The situation is even worse for pipelines. A 2014 report to energy ministers clearly states that “there is no standard definition for a ‘pipeline incident’ in Canadian law. Definitions vary by jurisdiction, which can influence the scale, scope, and pace of a response.”
Notable, however, is that in response to public concerns, the release of data by government ministries has been not only partial but also presented in a highly misleading form. Overlapping provincial and federal jurisdiction for pipeline monitoring and spill remediation contributes to lax accountability, allowing regulators to shift responsibility onto other levels of government.
The definitional inconsistency between railways and pipelines creates an empirical gap. As there are no standard criteria for reporting on accidents, data cannot be combined in a form that allows for a consistent, nationwide database.
The currently posted TSBA data tables on pipeline spills and incidents are presented in a misleading and incongruous form. 2017 TSBA data are now presented in TSBA tables in a different format and order than that of the TSBA tables we examined and presented in a 2019 publication.
Notably, the Canada Energy Regulator now compiles and presents data on pipeline incidents nationally via an interactive online data visualization initiative, which, arguably, is incredibly opaque in presentation.
Importantly, with the exception of the past two years, the numbers of “accidents” recorded for the 10 preceding years are now considerably higher than those reported in 2017.

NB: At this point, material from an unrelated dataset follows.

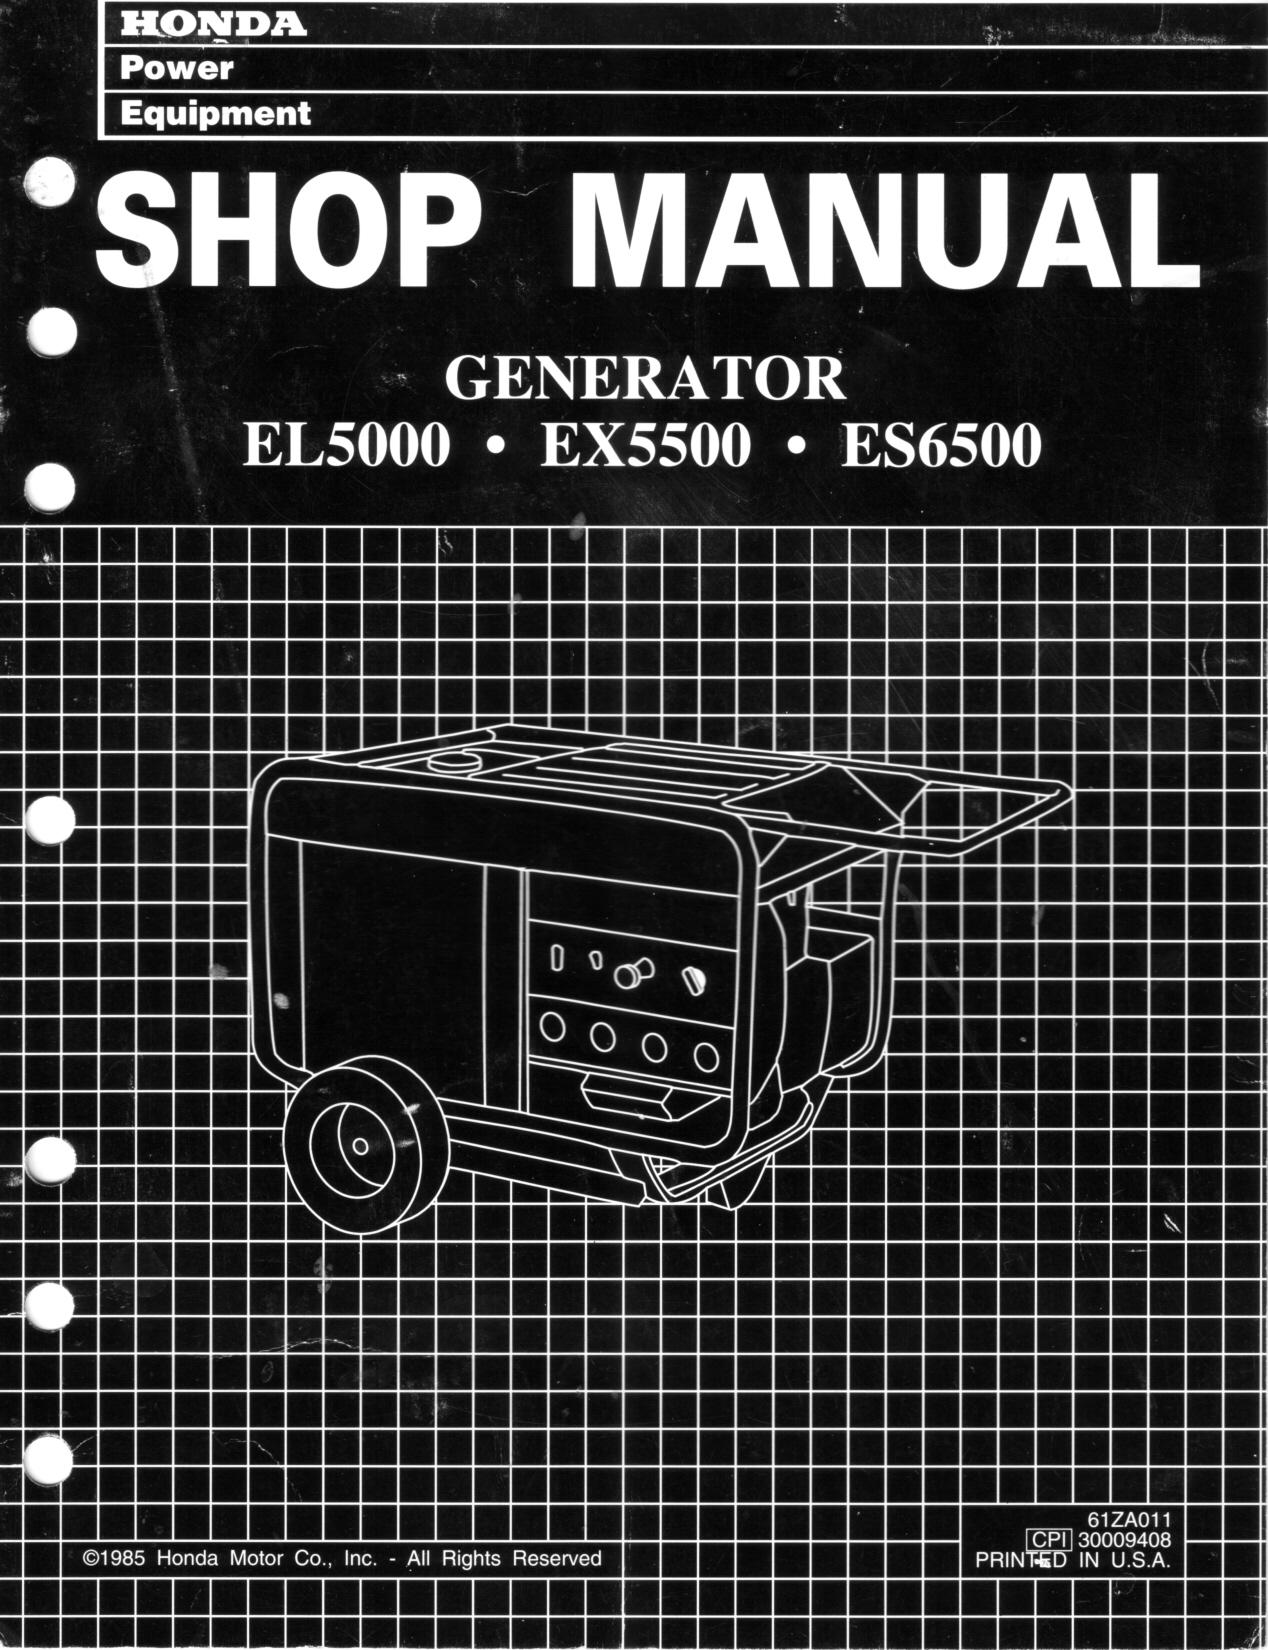 honda ex5500 wiring diagram br 3404  honda ex5500 wiring diagram  br 3404  honda ex5500 wiring diagram

Inconsistencies in reported data constitute a major obstacle to the possibility of substantive monitoring and auditing even though the information superficially provides some social-psychological comfort to regulators and the public.
In a context of highly inadequate information, incomplete data renders audit practices substantively hollow. Meanwhile the dangers that spills cause to the public — in particular those in lower income, Indigenous and rural populations — only intensify.